Data section:
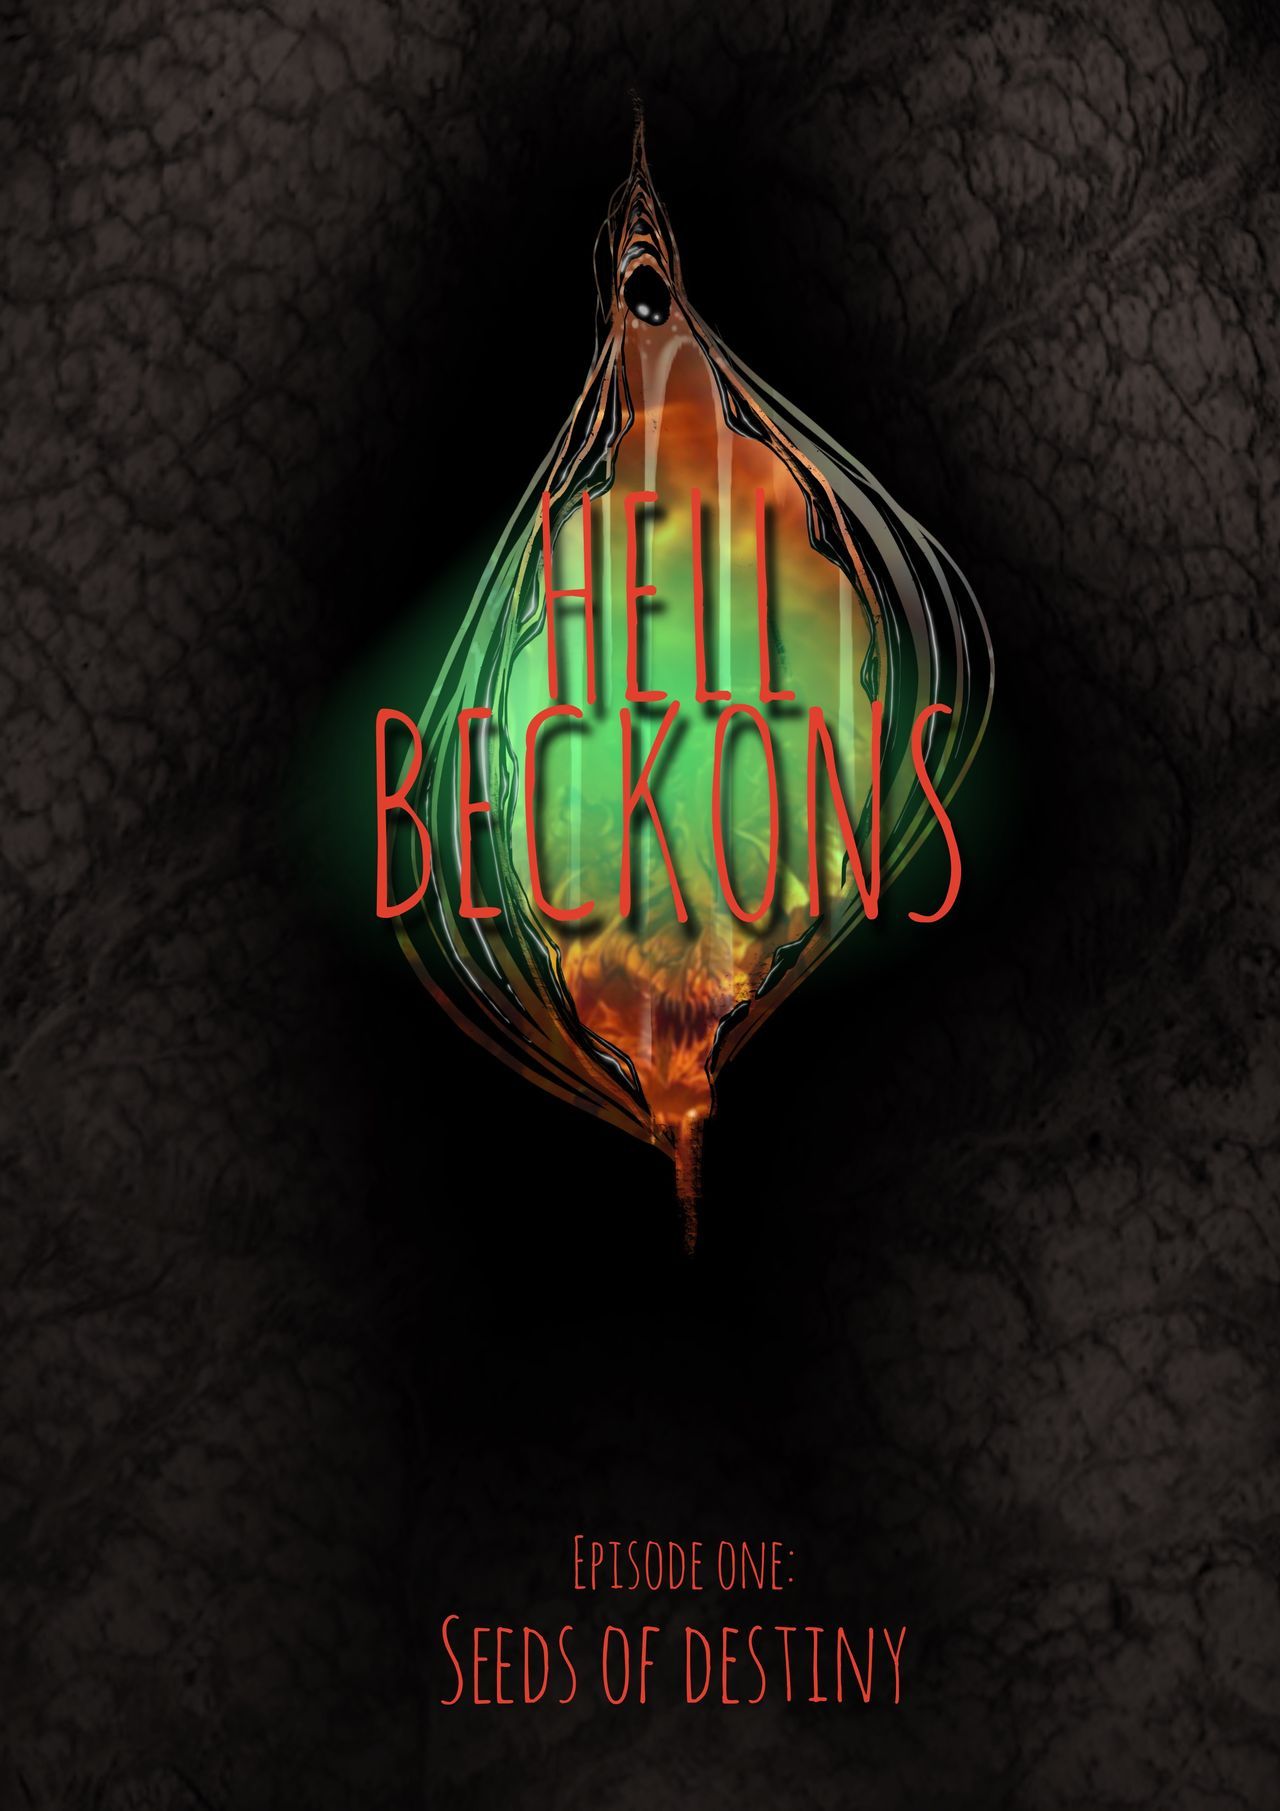 [jackthemonkey] Hell Beckons 31
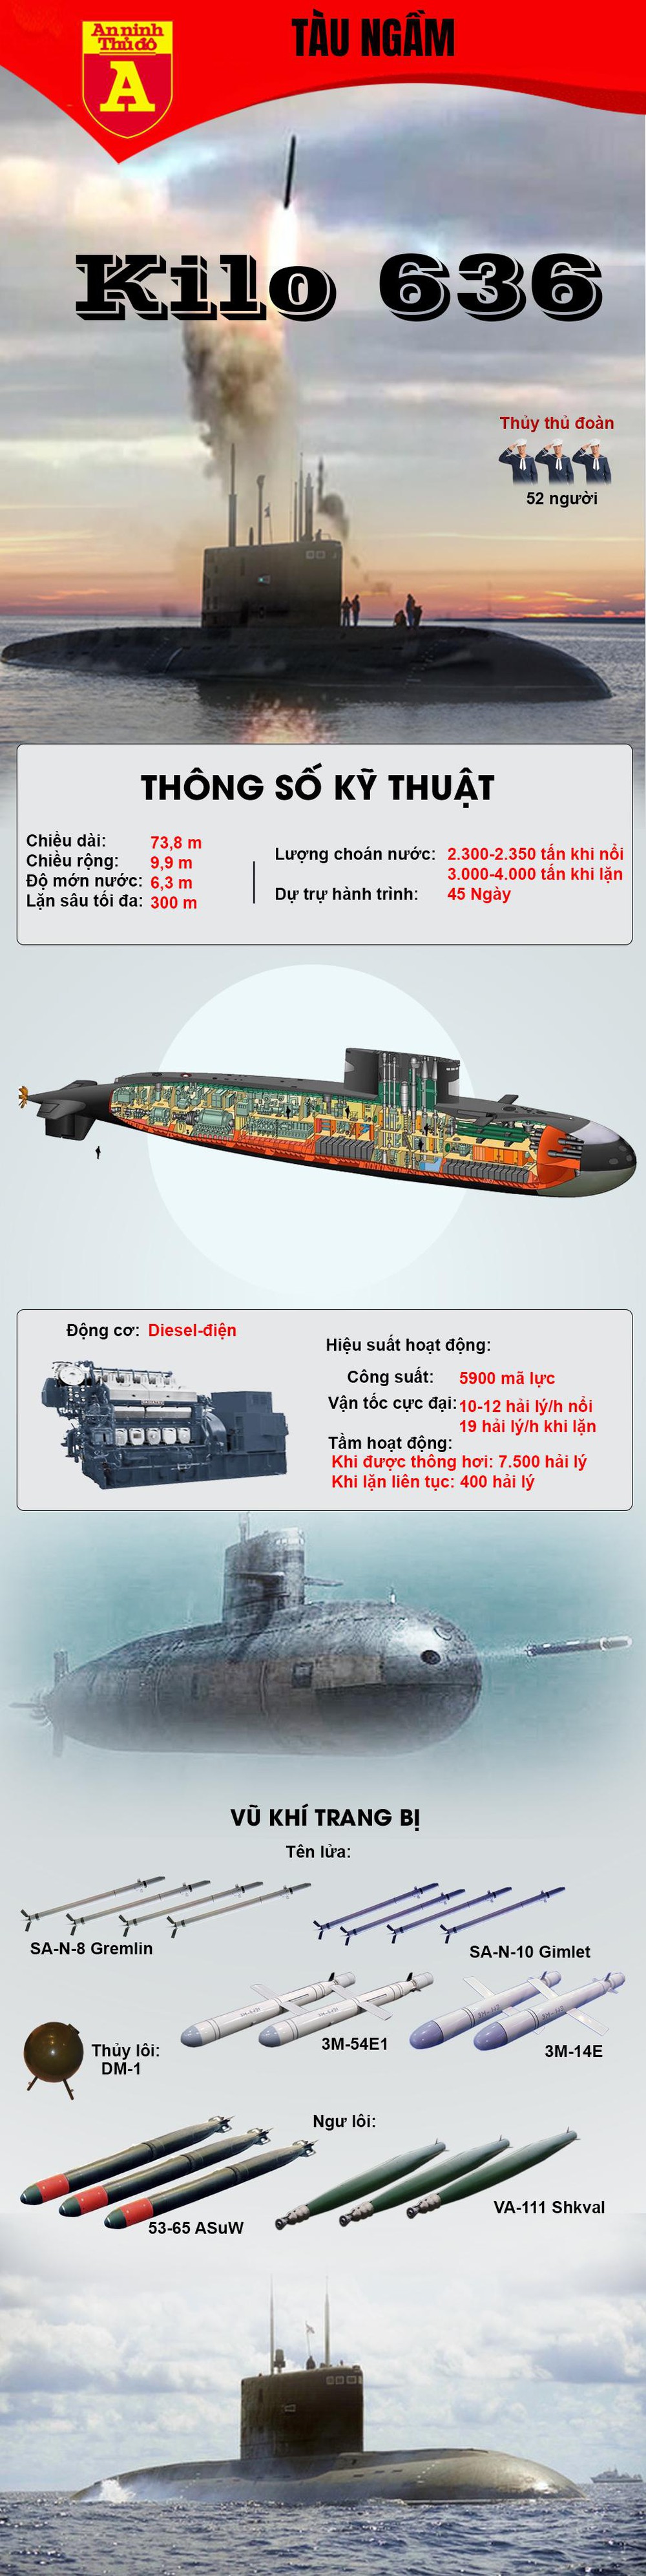 Khả năng  tác chiến chống hạm và chống ngầm của tàu ngầm Kilo 636 - Ảnh 1
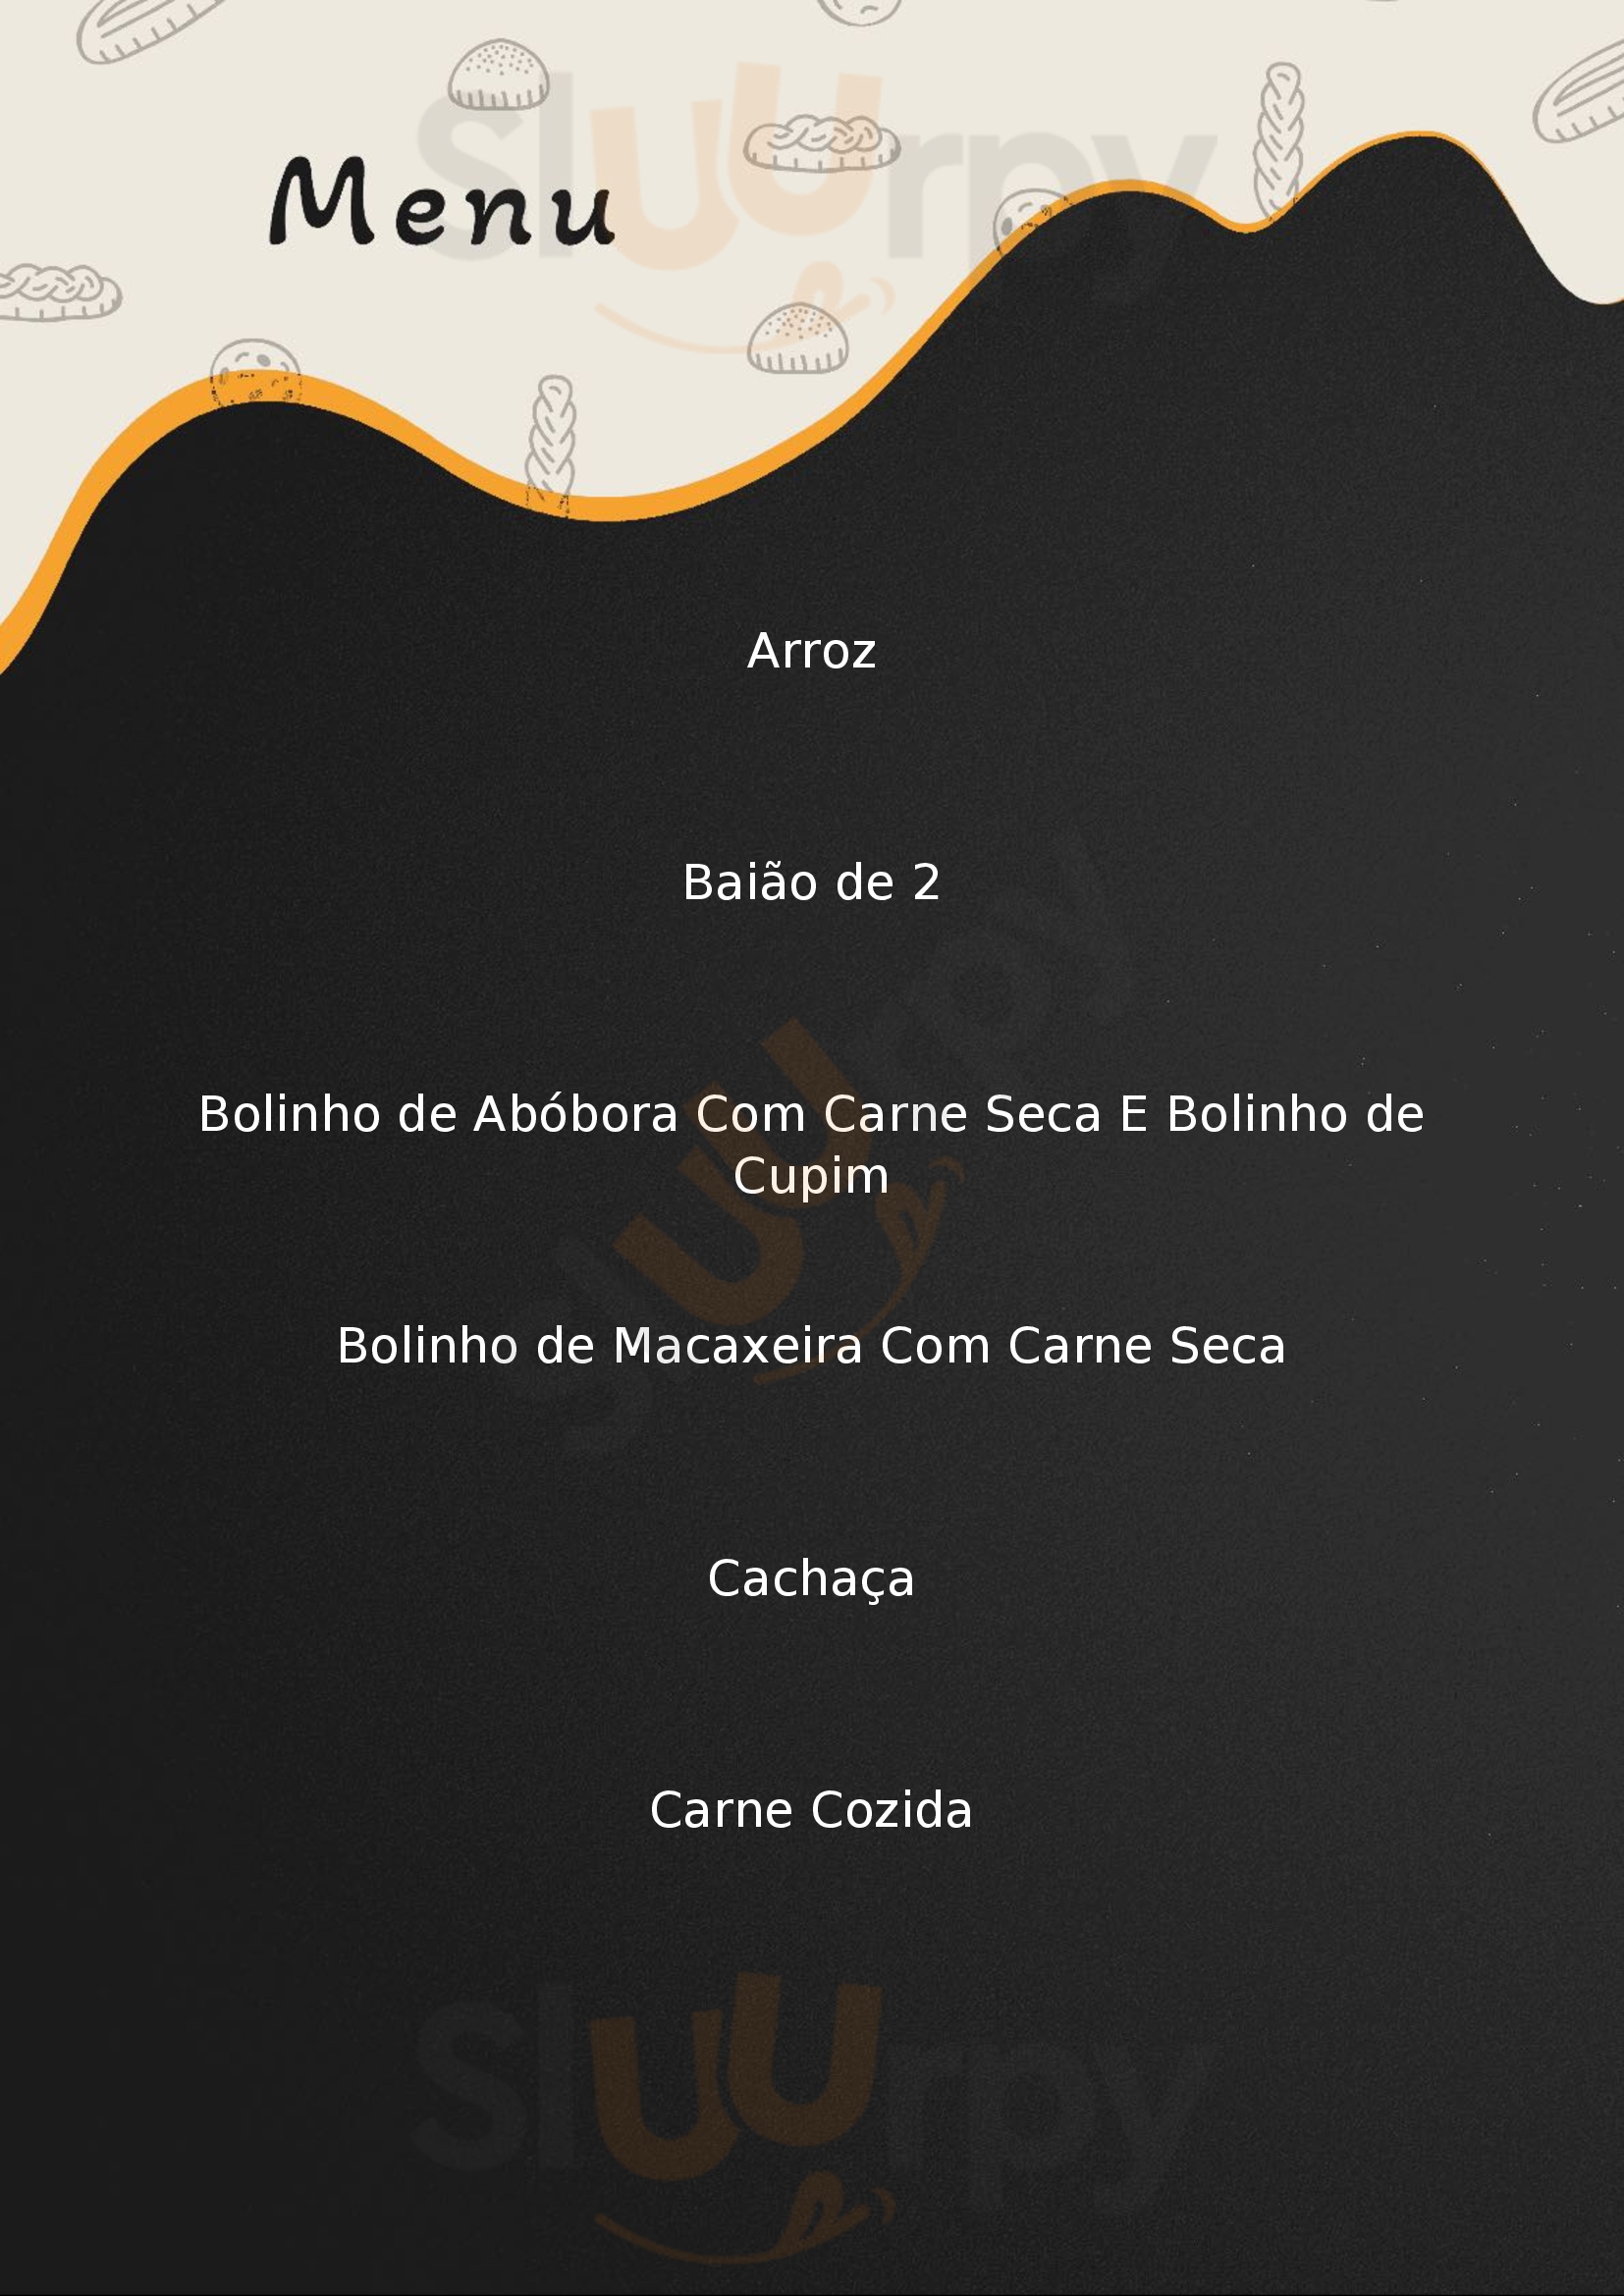 Macaxeira Perdizes Restaurante & Cachaçaria São Paulo Menu - 1

Assigned task: Could you give back the full listing word for word, leaving out the images?

Solution to this task:
 [jackthemonkey] Hell Beckons 31
 Khả năng  tác chiến chống hạm và chống ngầm của tàu ngầm Kilo 636 - Ảnh 1
 Macaxeira Perdizes Restaurante & Cachaçaria São Paulo Menu - 1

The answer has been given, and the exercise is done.